In general, any of these parameters can be configured just like any other maven property (in order of override priority):
* On the `mvn` command line where the scanner goal is invoked, using the `-D` argument prefix.
* In the `pom.xml` file of the project. Unlike the plain-vanilla SonarScanner CLI, the SonarScanner for Maven uses the `pom.xml` instead of the `sonar-project.properties` file.
* In the global `settings.xml`.
For more information, see [configuration-overview](https://docs.sonarsource.com/sonarqube-cloud/analyzing-source-code/analysis-parameters/configuration-overview "mention").
### Authentication
`sonar.token`: This is a personal access token generated in your SonarQube Cloud account at [**My Account** > **Security** > **Generate Tokens**](https://sonarcloud.io/account/security/). It allows the scanner to authenticate to SonarQube Cloud. This is usually set via the `SONAR_TOKEN` environment variable.
For example, in the GitHub Actions CI environment, you would configure a GitHub Secret called `SONAR_TOKEN` with the access token as its value. Then you might have something like the following in your `.github/workflows/build.yml`:
```yaml
...
- name: Build and Analyze
env:
SONAR_TOKEN: ${{ secrets.SONAR_TOKEN }}
...
```
The SonarScanner for Maven automatically picks up the value directly from the environment variable. If you use an environment variable, you do not need to pass the token on the `mvn` command line.
### Server connection and project identification
The parameters you need to set up the connection to the server depend on your situation. For more information, see [#server-connection](https://docs.sonarsource.com/sonarqube-cloud/analysis-parameters/parameters-not-settable-in-ui#server-connection "mention").

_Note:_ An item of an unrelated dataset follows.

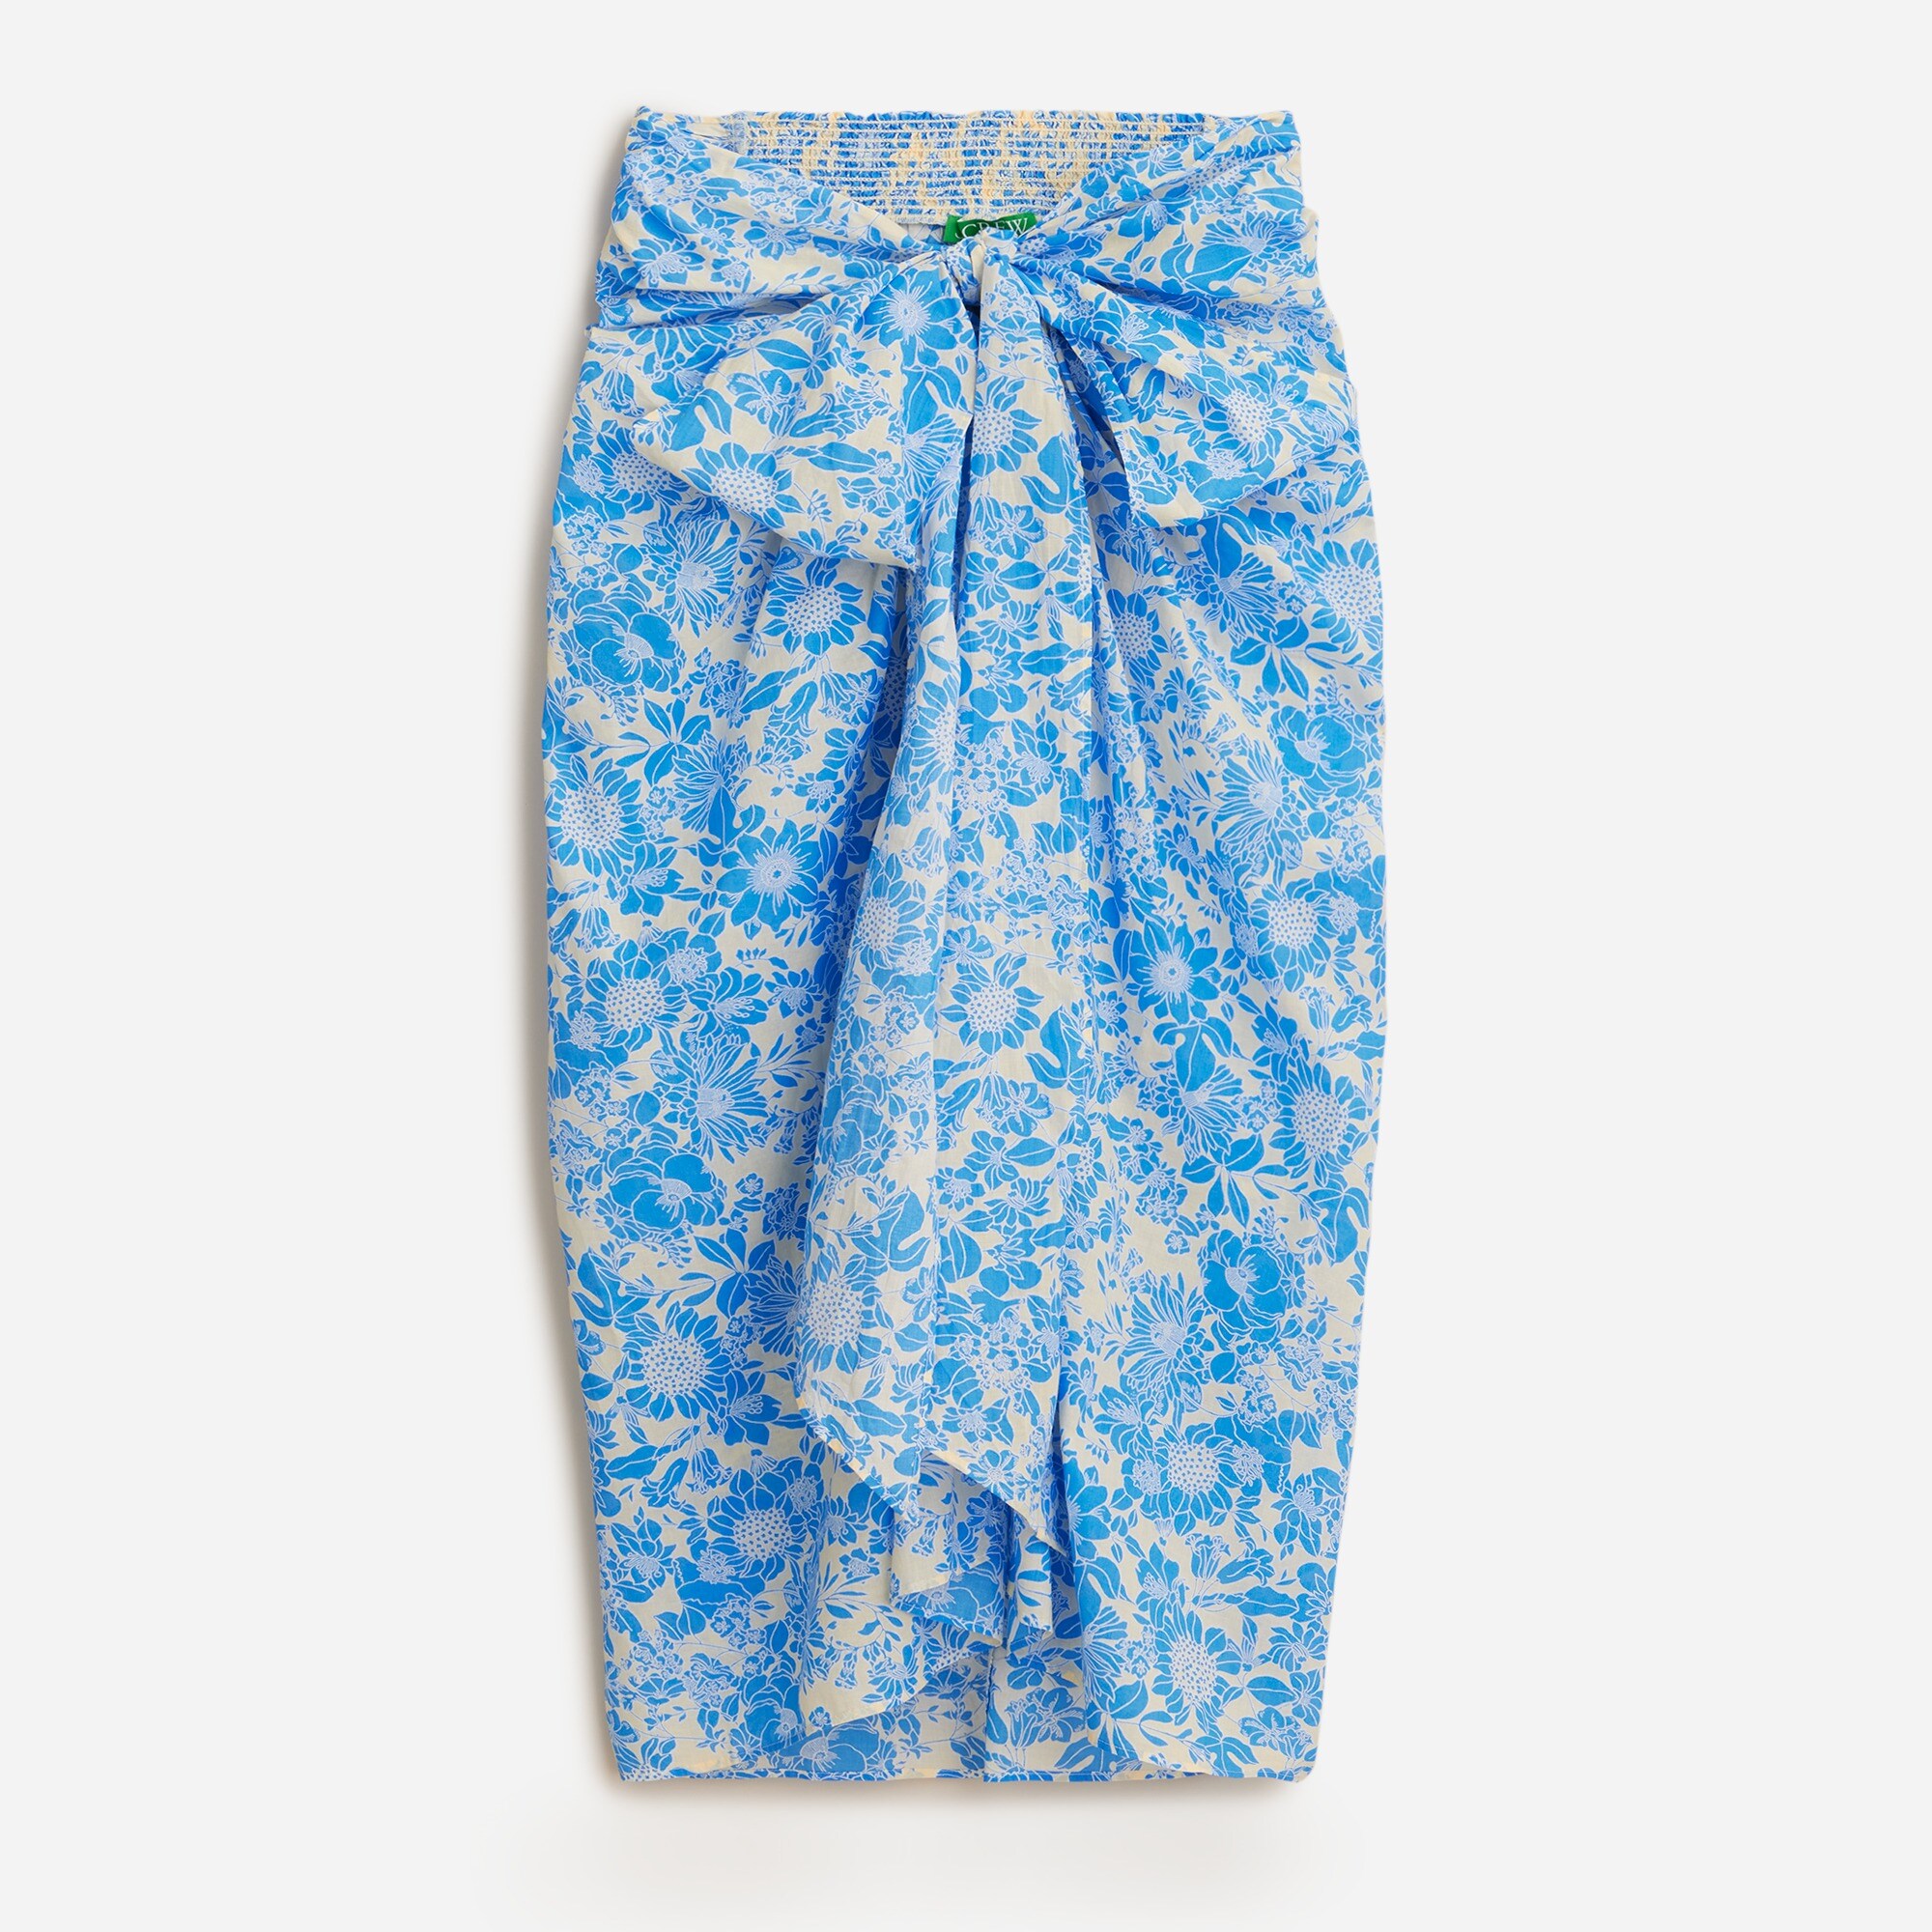  Draped sarong in blue floral

The properties `sonar.organization` and `sonar.projectKey` are used to identify the project. For more information, see [#project-identification](https://docs.sonarsource.com/sonarqube-cloud/analysis-parameters/parameters-not-settable-in-ui#project-identification "mention").
These parameters are usually set on the command line of the `mvn` command invoked during your build in your CI environment. For example, in the GitHub Actions CI environment, you might have the following in your `.github/workflows/build.yml`.

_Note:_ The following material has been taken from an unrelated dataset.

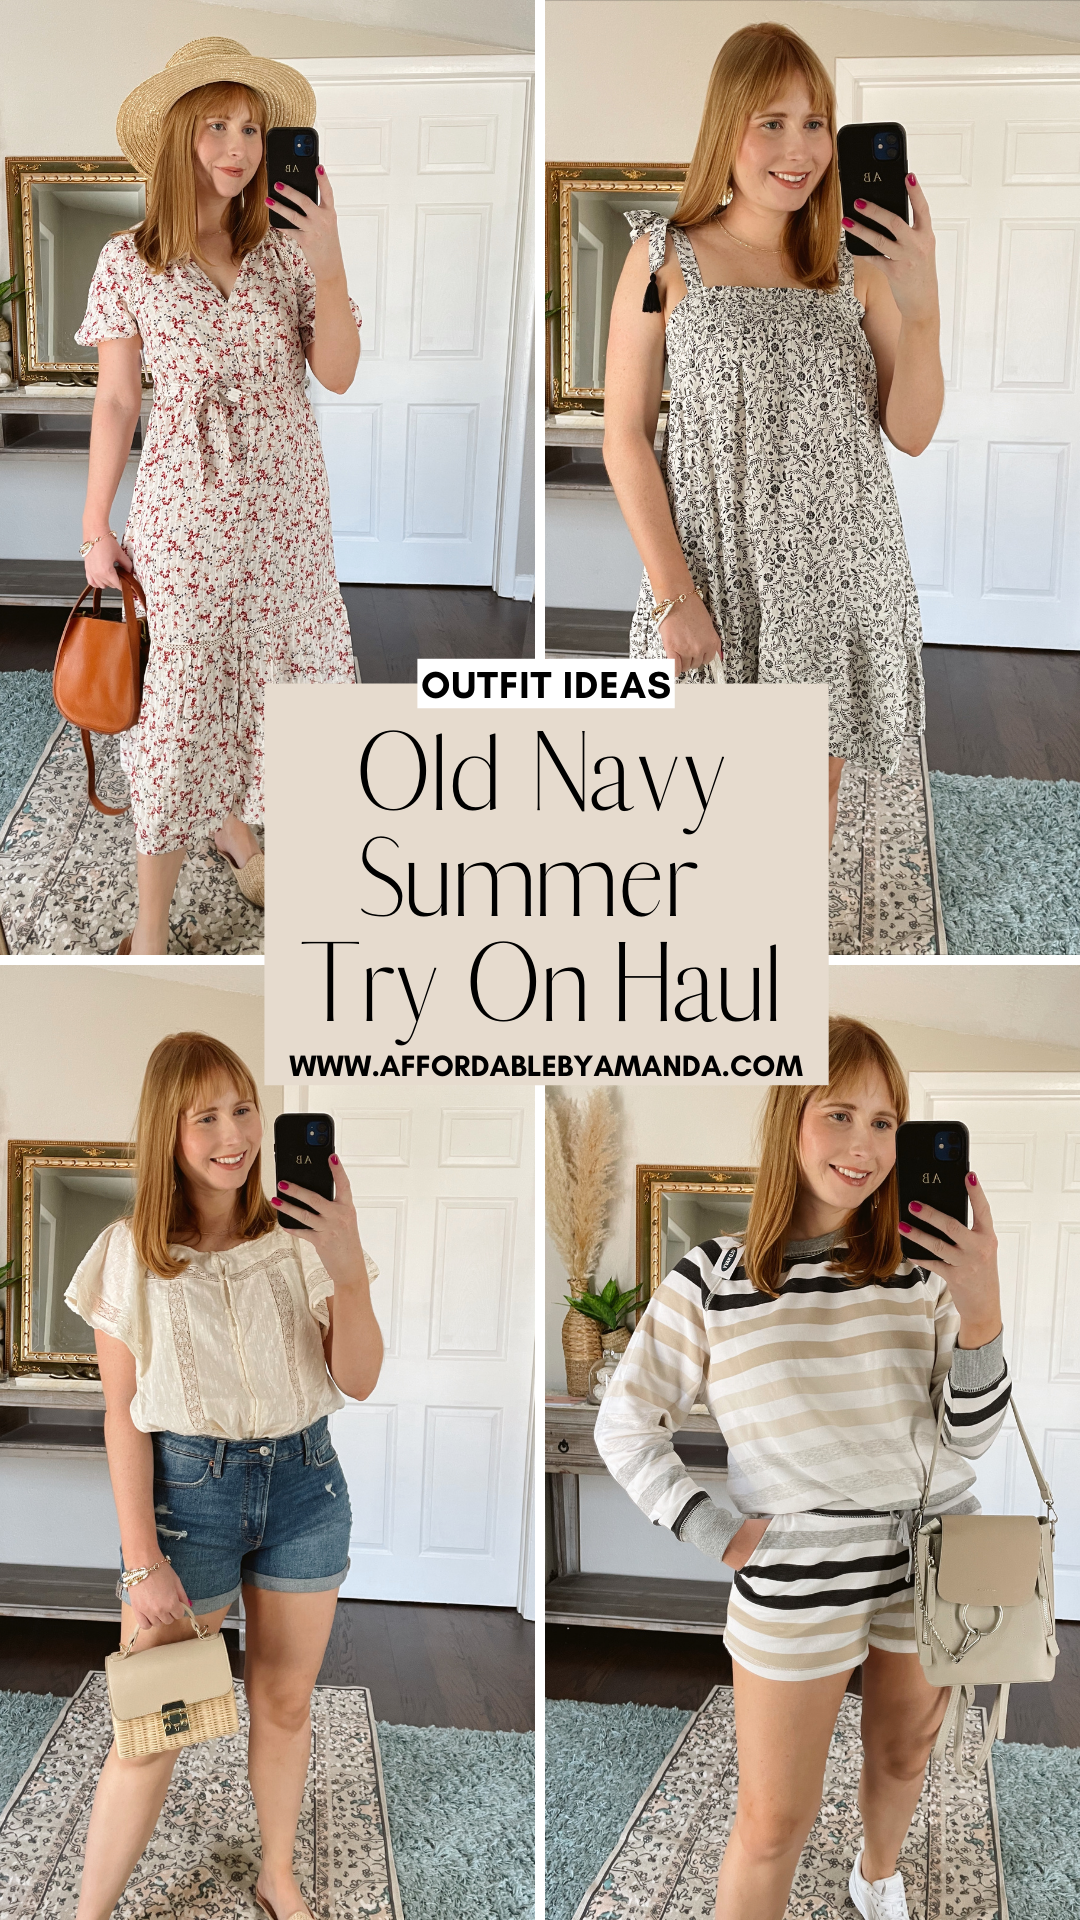 5 Affordable Outfits from Old Navy for Summer | Affordable by Amanda

{% hint style="warning" %}
The following example assumes the use of a newer SonarScanner and [SonarQube Cloud’s US instance](https://docs.sonarsource.com/sonarqube-cloud/getting-started/getting-started-in-us-region). To use the EU instance instead, remove the row with the `sonar.region` property. For more details on this parameter, or if you're using an older scanner, see [#server-connection](https://docs.sonarsource.com/sonarqube-cloud/analysis-parameters/parameters-not-settable-in-ui#server-connection "mention").
{% endhint %}
```yaml
- name: Build and analyze
env:
SONAR_TOKEN: ${{ secrets.SONAR_TOKEN }}
run: mvn verify org.sonarsource.scanner.maven:sonar-maven-plugin:sonar \
-Dsonar.region=us \
-Dsonar.organization= \
-Dsonar.projectKey=
```
## Optional parameters
Additional parameters beyond the required ones can also be set, either
* in the SonarQube Cloud UI,
* in your project `pom.xml`,
* or on the command line, as appropriate.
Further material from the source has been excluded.